**Your task:** Print the data exactly as written, line for line, and leave its pictures behind.

**Data provided:**
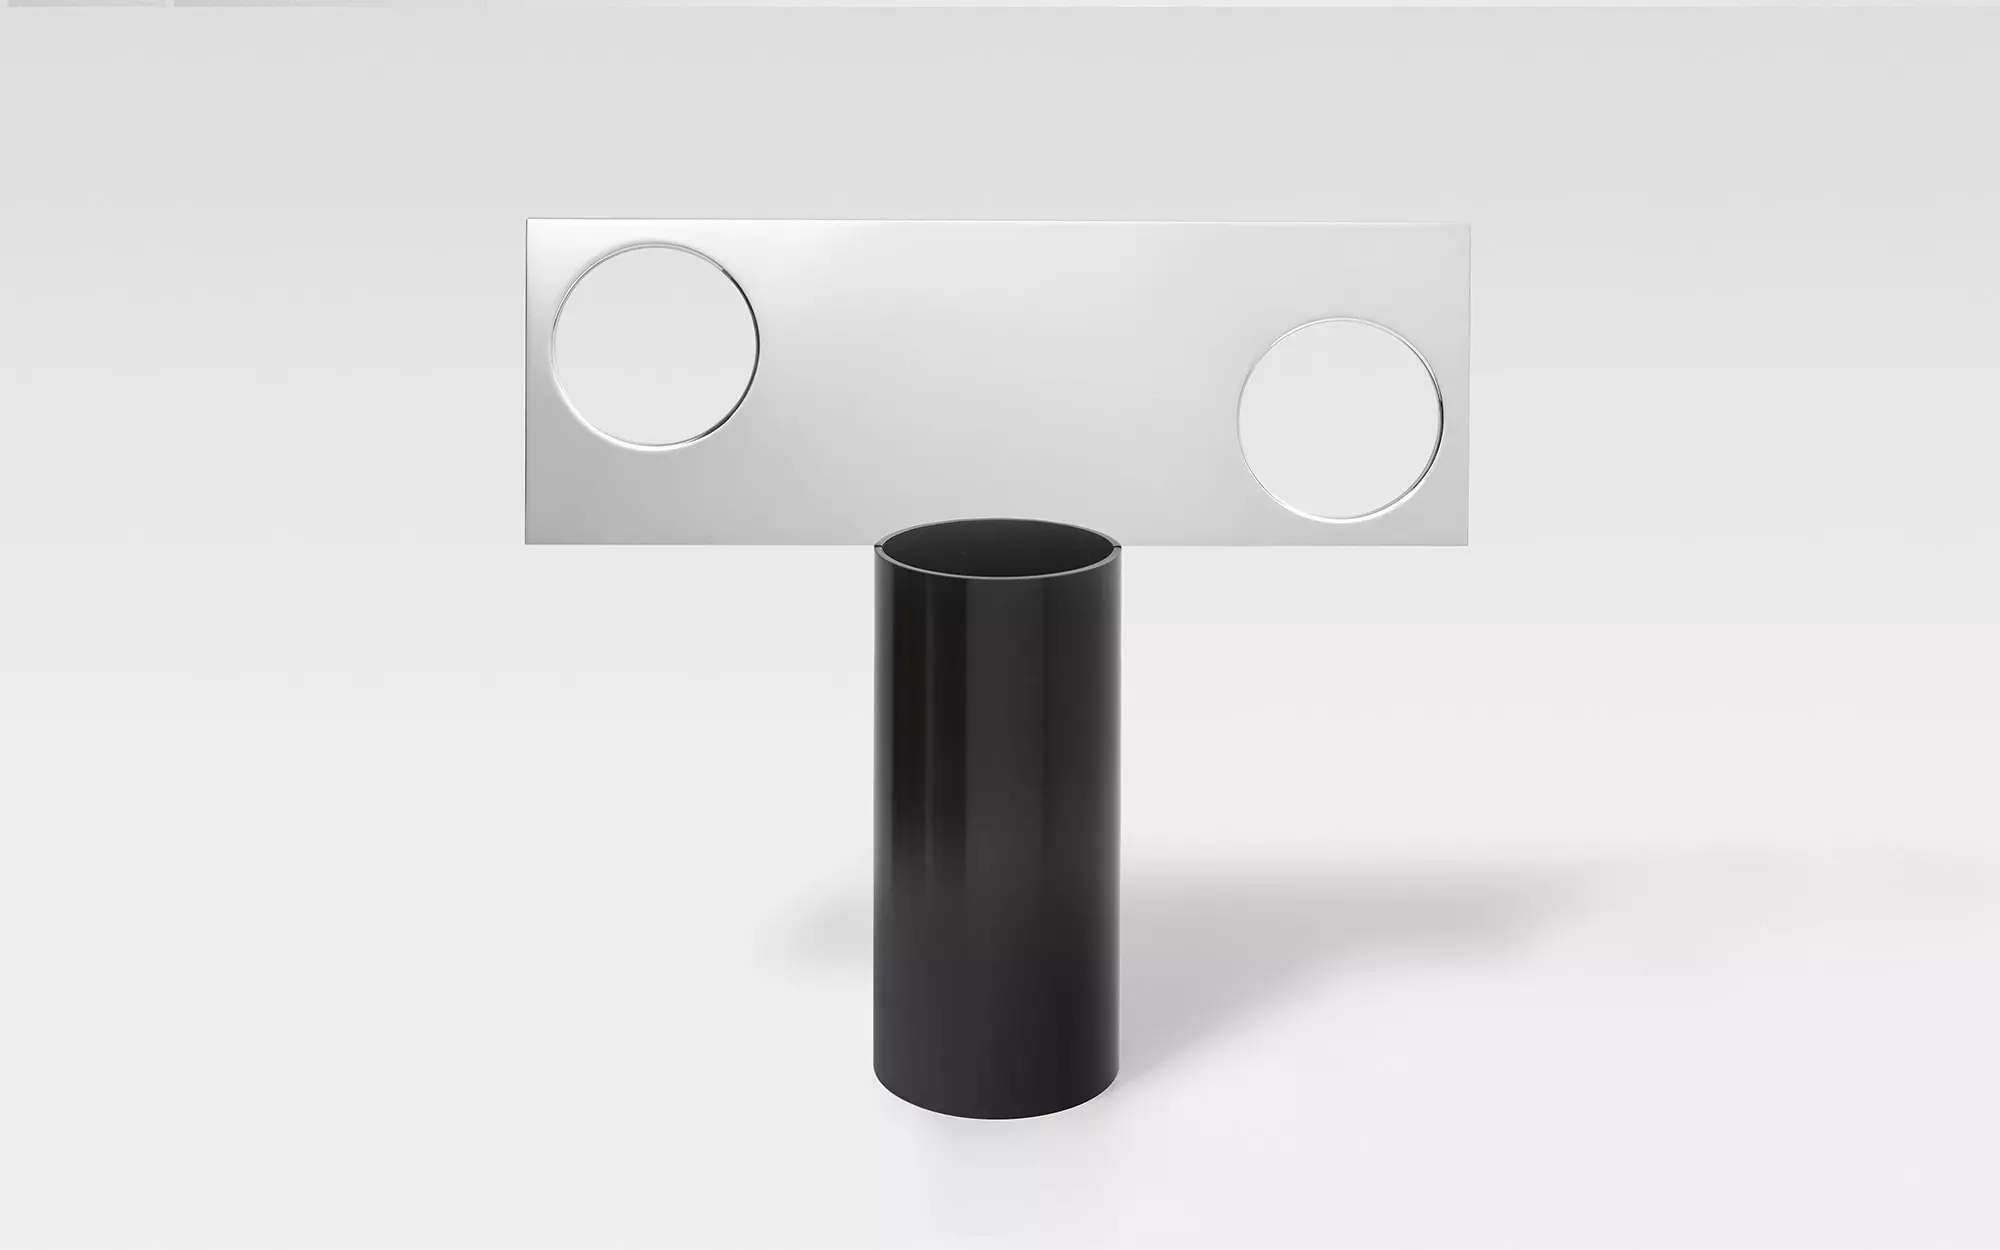 Lunettes - 1 Vase - Pierre Charpin - Side table - Galerie kreo
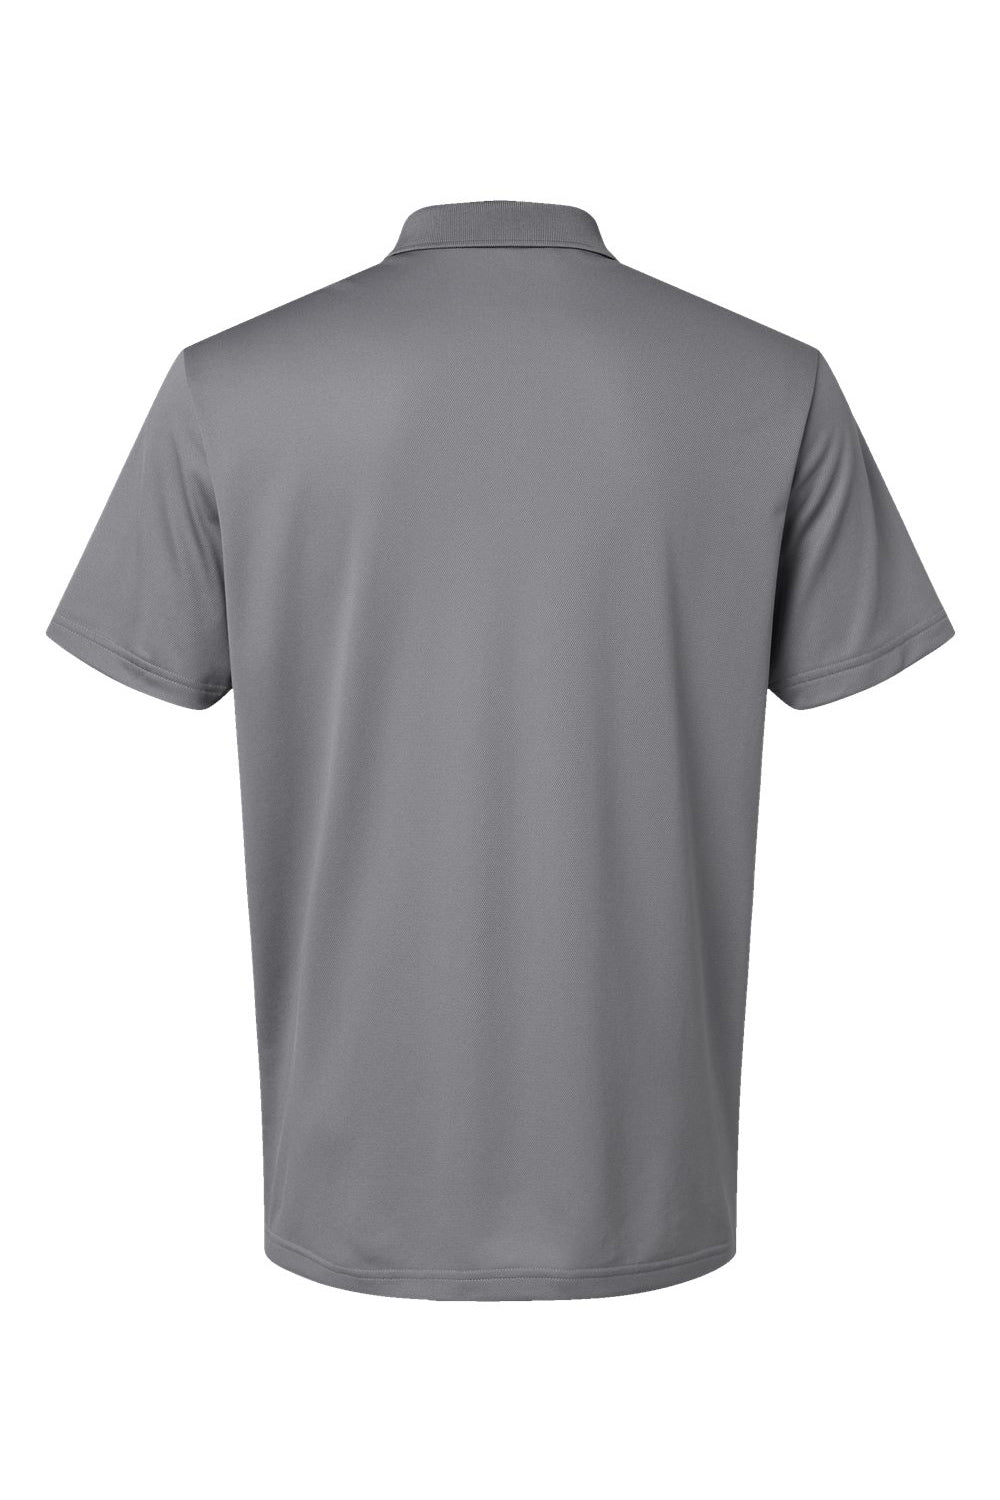 Adidas A430 Mens Basic Short Sleeve Polo Shirt Grey Flat Back
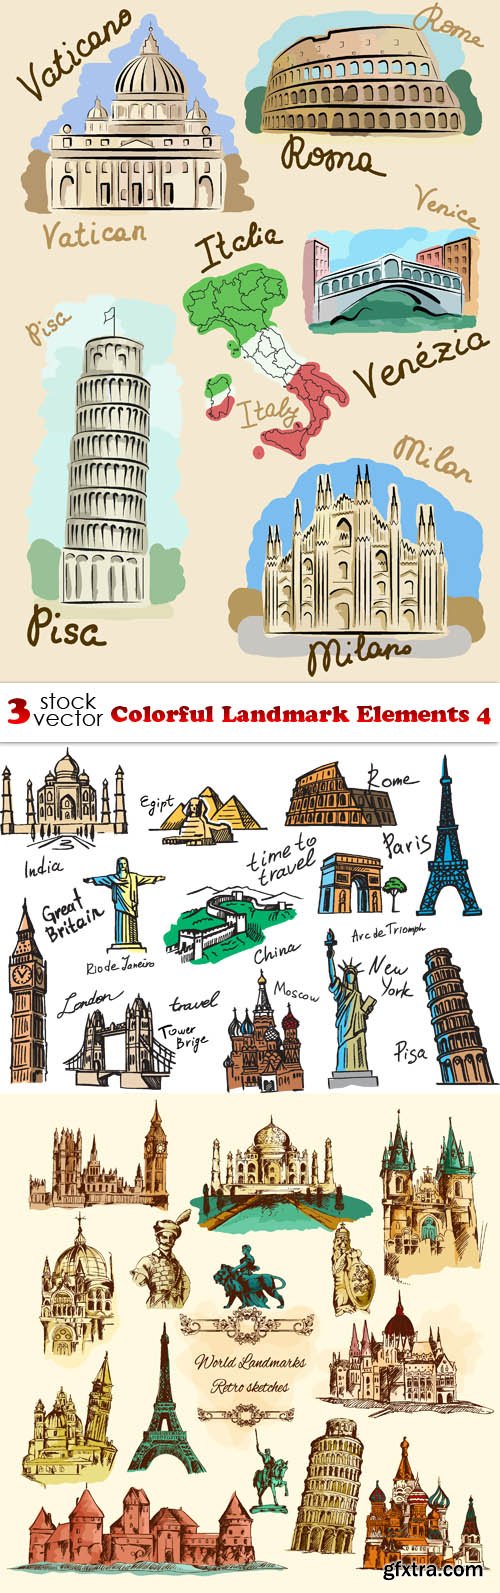 Vectors - Colorful Landmark Elements 4

**Written solution:**
 Lunettes - 1 Vase - Pierre Charpin - Side table - Galerie kreo
 Adidas A430 Mens Basic Short Sleeve Polo Shirt Grey Flat Back
 Vectors - Colorful Landmark Elements 4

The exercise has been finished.